Source material.

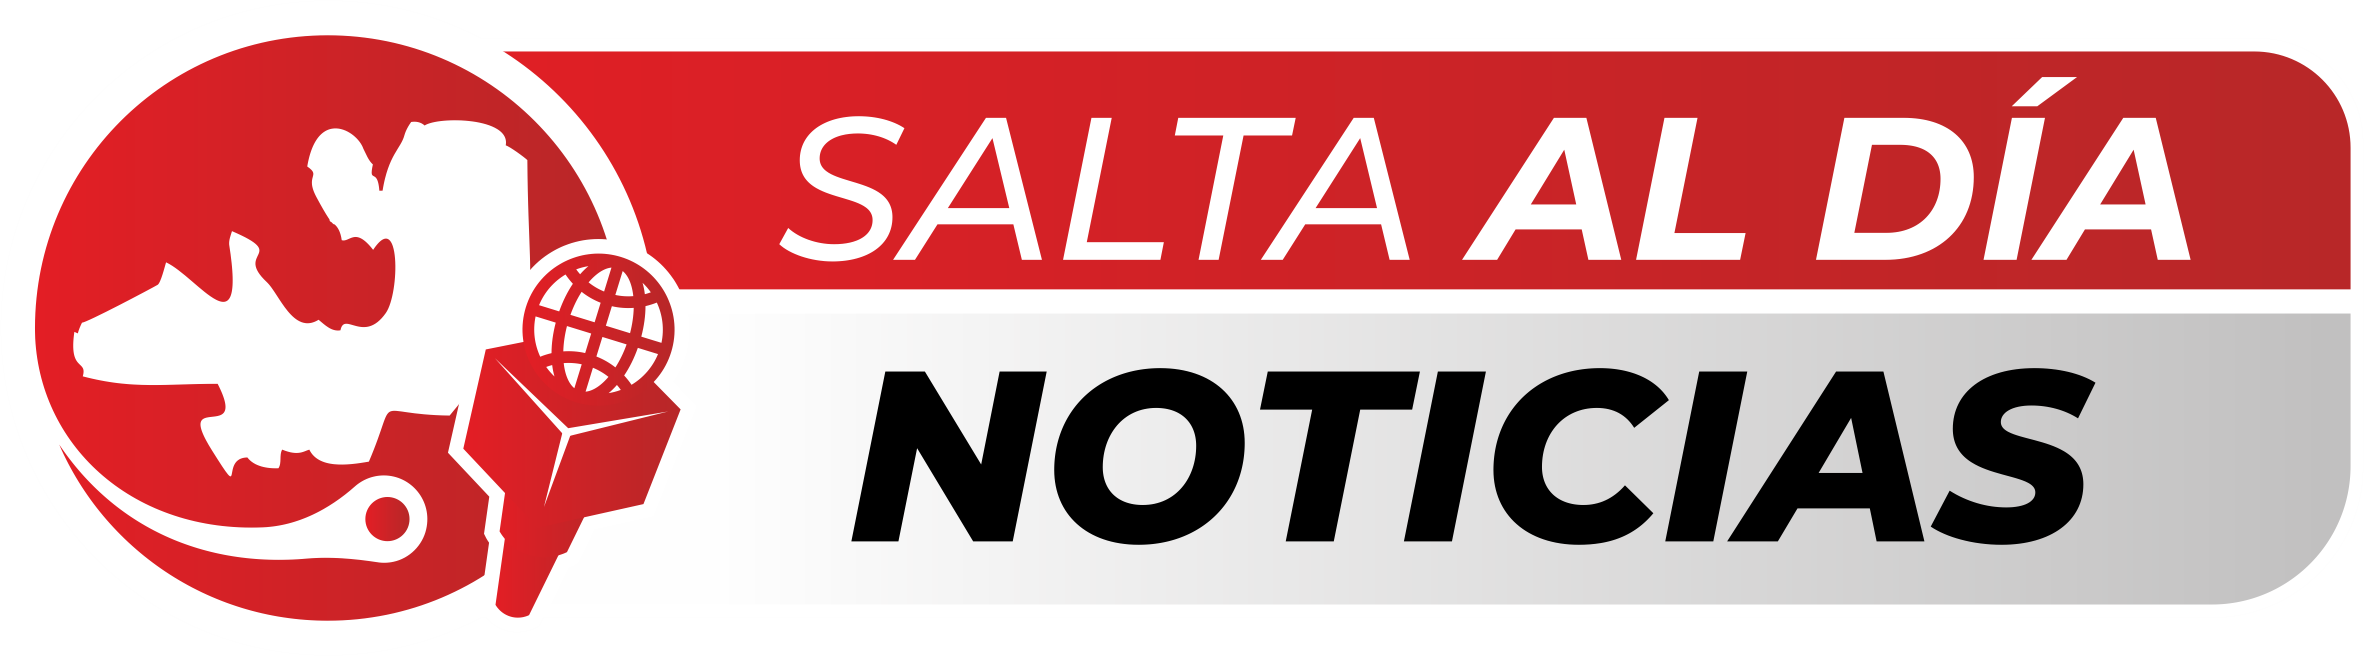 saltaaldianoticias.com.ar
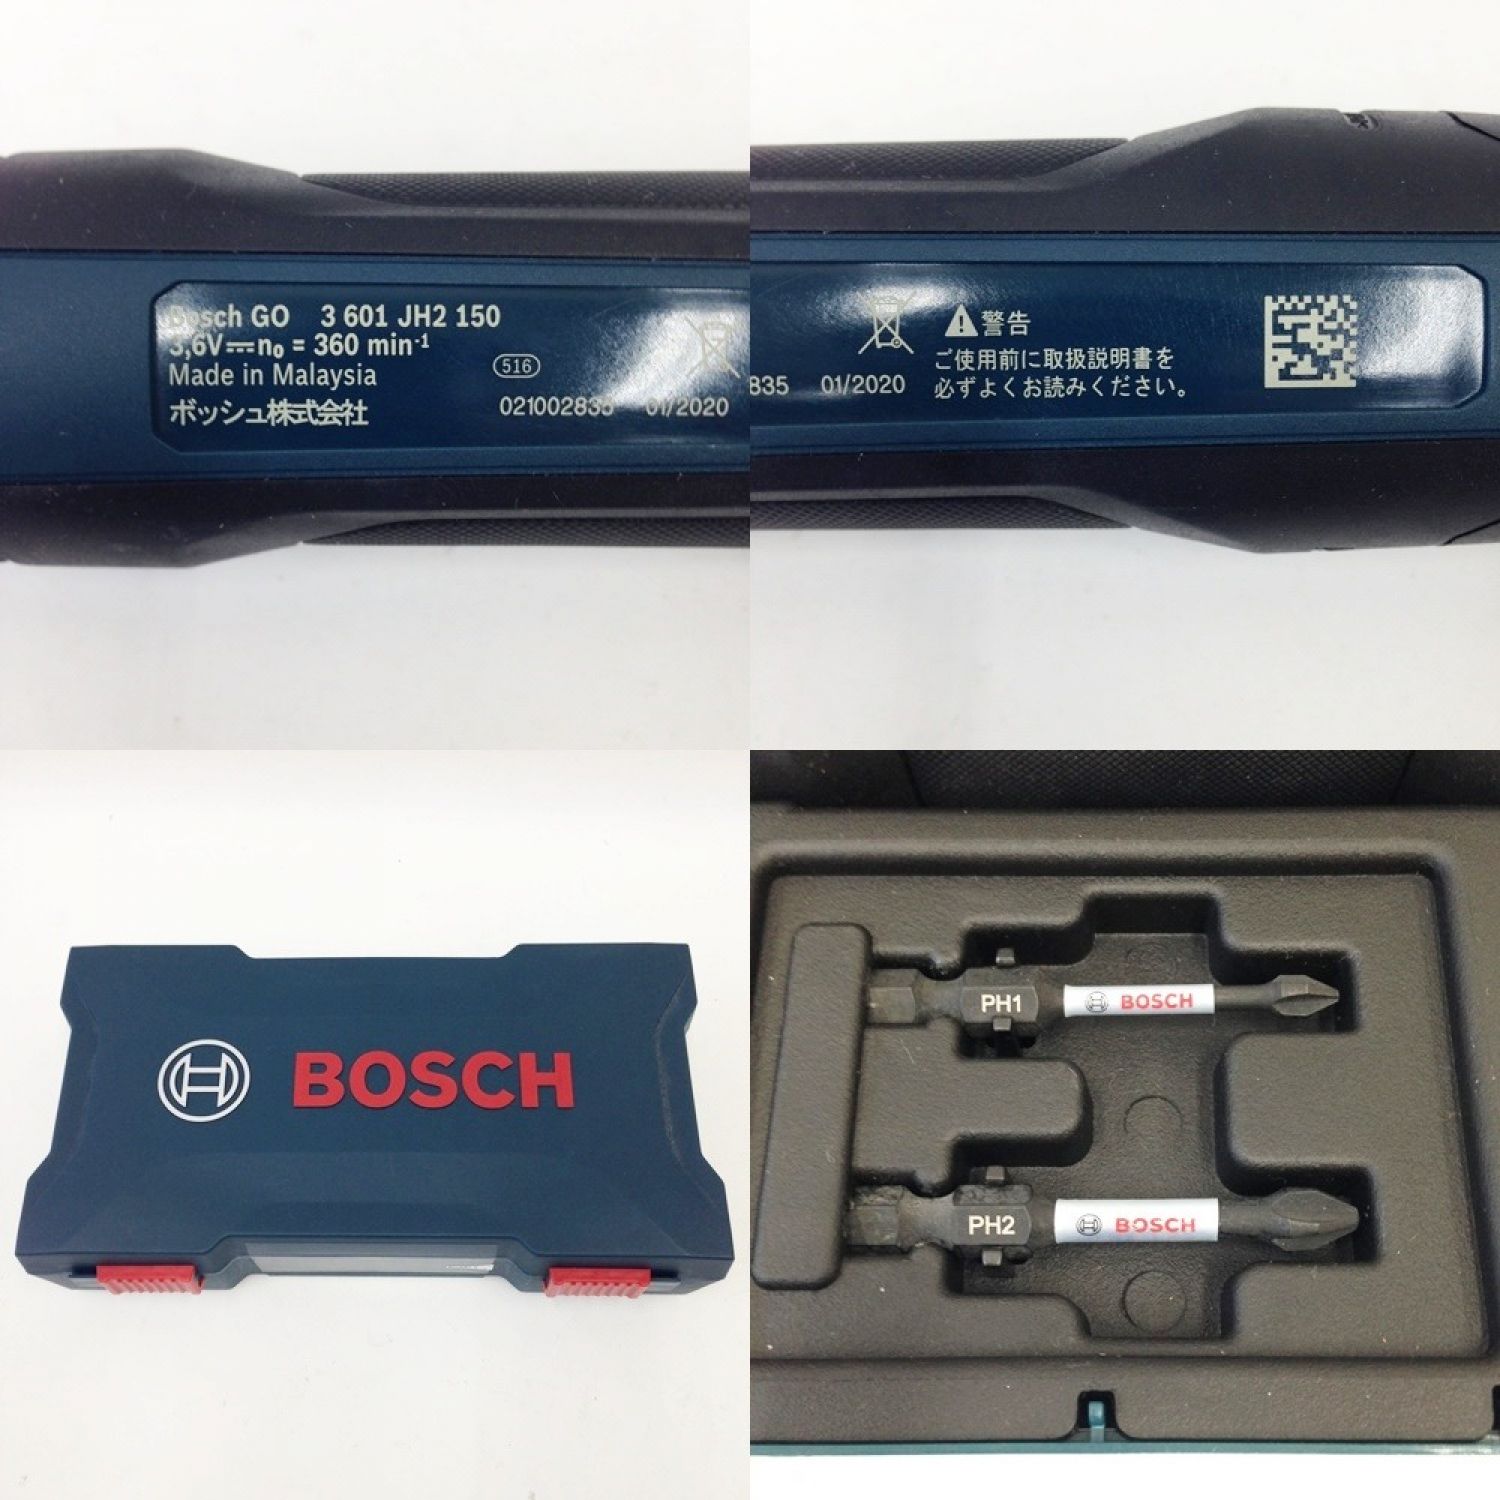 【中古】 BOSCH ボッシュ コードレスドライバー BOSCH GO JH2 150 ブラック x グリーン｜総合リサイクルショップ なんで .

* * *

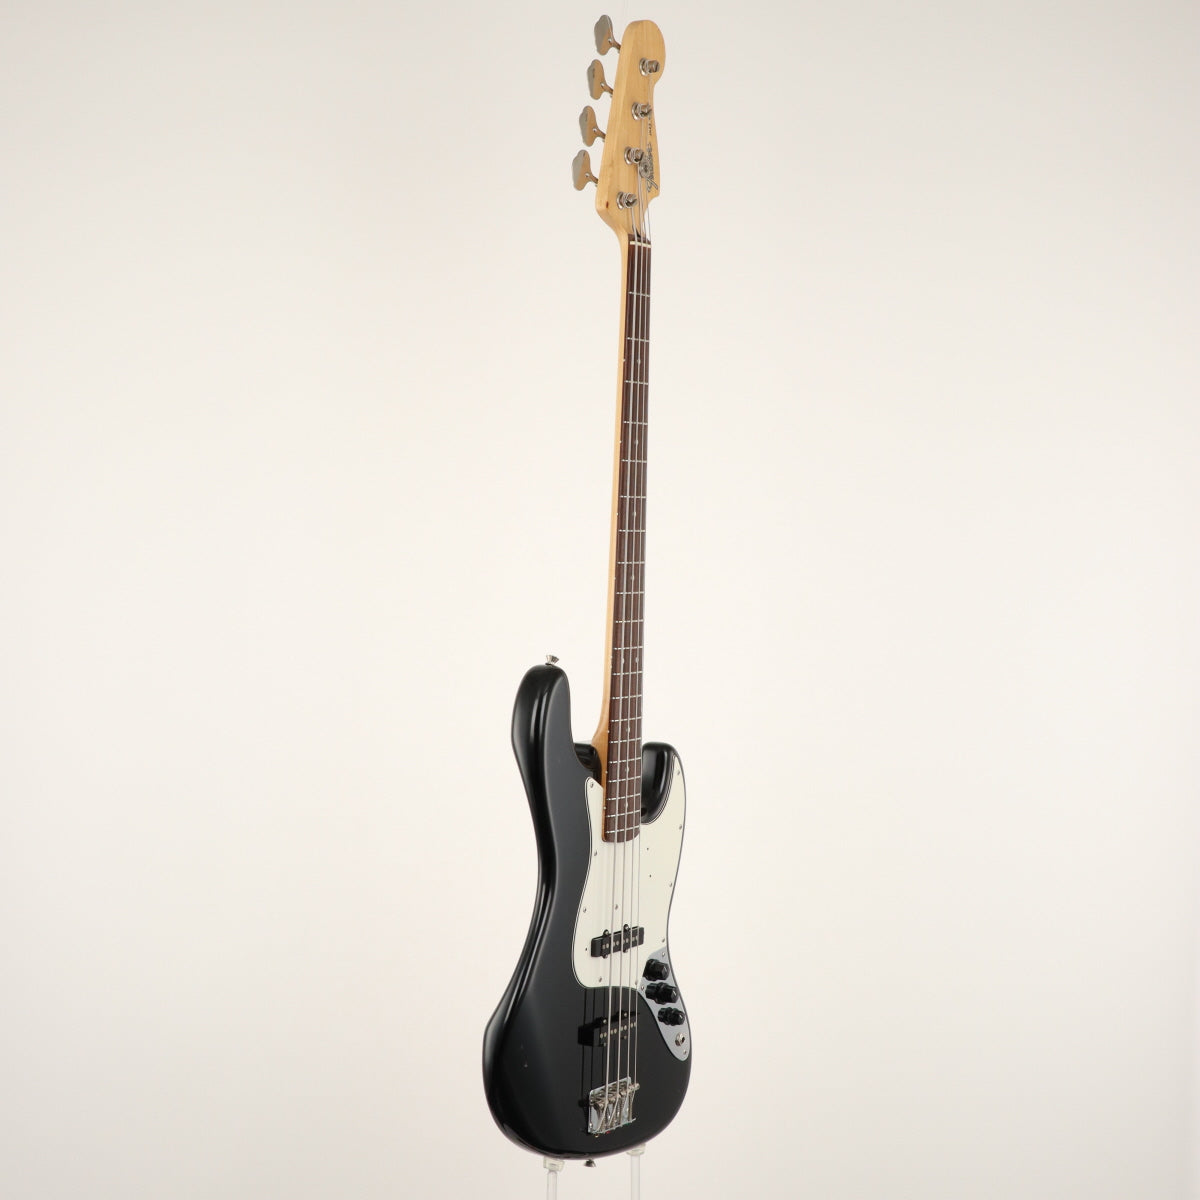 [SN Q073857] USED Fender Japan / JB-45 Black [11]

Your instructions. Start with the line above containing "saltaaldianoticias.com.ar" and end with the line containing "グリーン｜総合リサイクルショップ なんで .". Set down that stretch exactly, without any pictures.

Reply.
 saltaaldianoticias.com.ar
 【中古】 BOSCH ボッシュ コードレスドライバー BOSCH GO JH2 150 ブラック x グリーン｜総合リサイクルショップ なんで .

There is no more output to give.